If this is your first time trying to wrap your head around this stuff, maybe you’d like to start with a TED talk: try Jonathan Eisen talking about how the microbiome is like an organ we never noticed we had. “We are a teeming ecosystem,” he says.  You could also read this week’s newsy articles that seem shocked that “Even healthy humans” can host 10,000 microbe species. (Even? I’d be willing to bet that we have fewer species when we’re sick. Just my guess though.)

Now, when we talk about microbes, that usually means bacteria. (If you hear anybody saying “bugs,” that doesn’t mean insects, like I thought when my dad described yogurt as being “full of bugs” when I was a kid … I stopped eating yogurt for years). Microbes can include fungi and viruses, and yes, there is a population of fungus among us, and even a normal healthy virome.
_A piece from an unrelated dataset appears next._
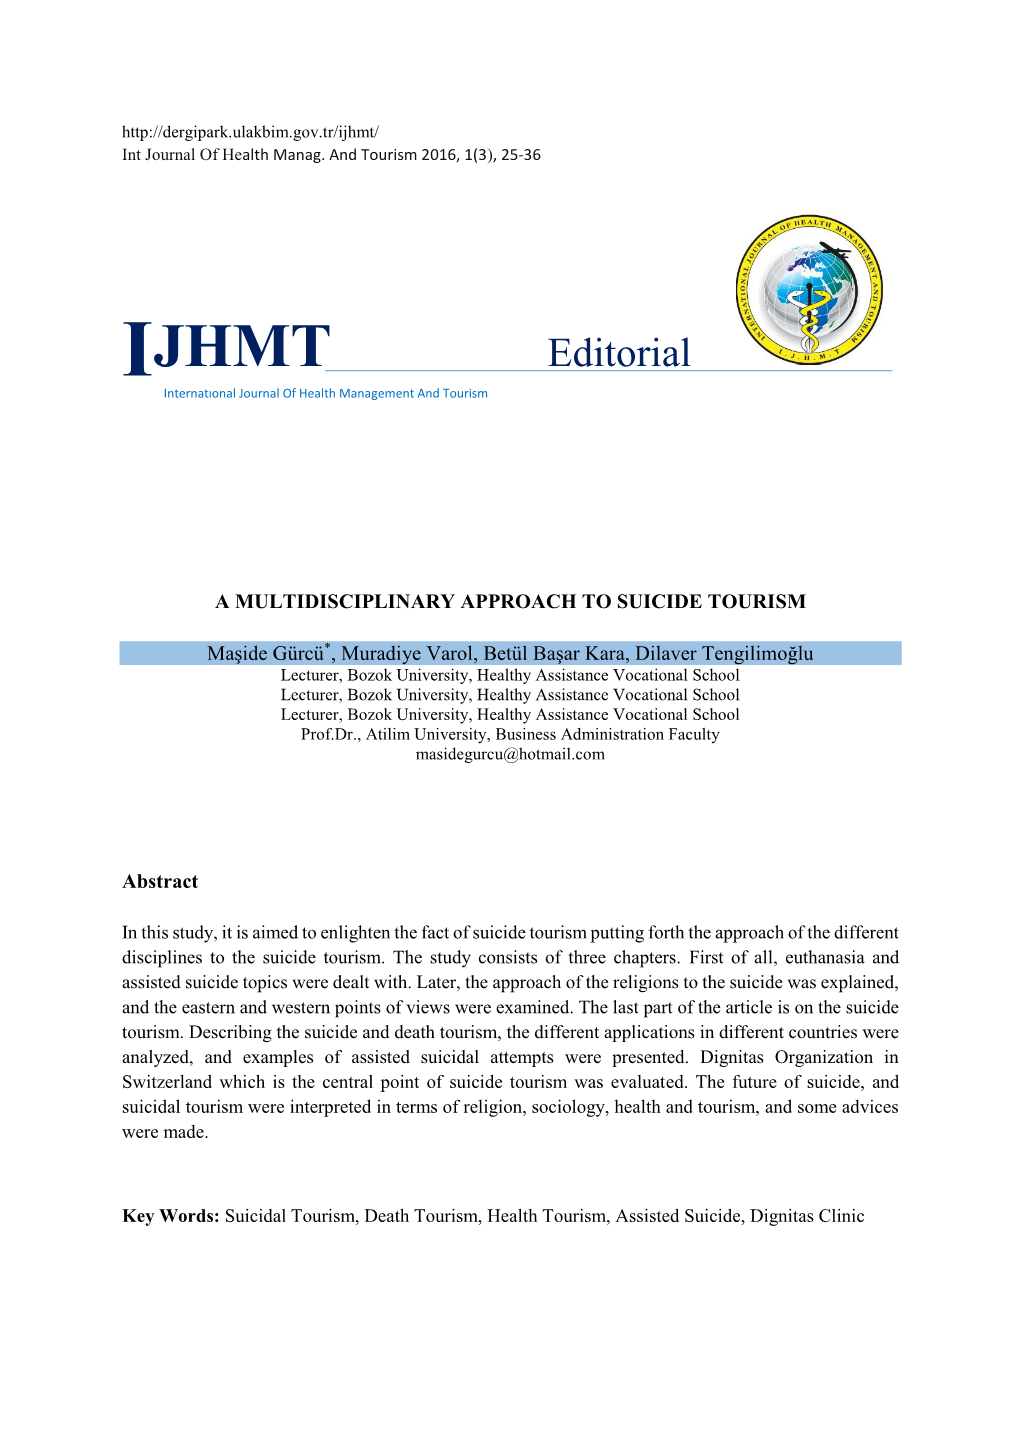 Ijhmt/ Int Journal of Health Manag
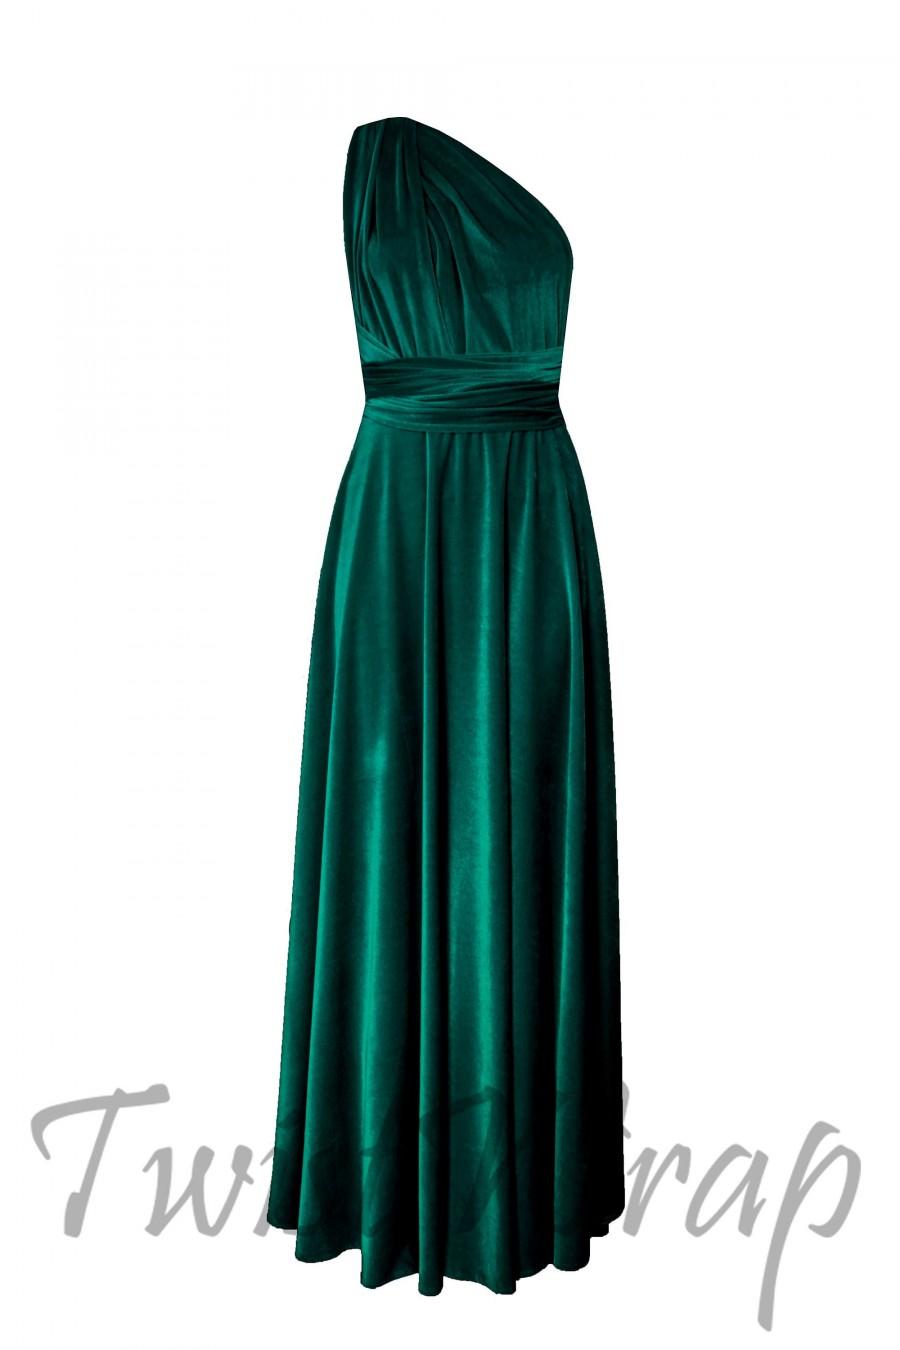 Hochzeit - Velvet Dress Dark Green Infinity Dress Bridesmaids Dress Long Convertible Dress Formal Maternity Dress Plus Size Prom Dress

That virome article talks about the friendly viruses as preying on the bacteria inside us, which surely happens – if we are an ecosystem, it would have to be multi-layered, like the rainforest – but why not friendly viruses that hop into and out of our own, human cells?

There’s lots more to explore here. I’ll leave you with just a few of the things I stumbled across this week:

News bits: Bacteria are team players; your brain-controlling helmet is on its way.


Great news, everybody! The brain can be stimulated, without implanting electrodes, by a new ultrasound technique. Who is working on this? Military scientists! Why? So they can make brain-controlling helmets. Um, OK!


Antibiotic-resistant bacteria send chemical signals to their neighbors that help them fight the antibiotic’s effects. Some are calling it altruism. As a player of a team sport, I know the feeling. If you’re the strongest blocker in the pack, you can’t do everything yourself; you communicate with your teammates, tell them where to go and what to do, because you’re nothing without your team. Heck, you can’t even block if you’re 20 feet out of the pack. Unless you’re the, uh, jammer bacterium. (Clearly more research is needed on microbial roller derby.)


5 myths about the female brain: Empathy, multitasking, playing with dolls, sucking at math – Do women have an advantage in those areas? Not that we know of. These excerpts come from a new book called Delusions of Gender. I haven’t read it, but one review says: “Instead of a ‘male brain’ and a ‘female brain,’ Fine gives us a glimpse of plastic, mutable minds that are continuously influenced by cultural assumptions about gender.”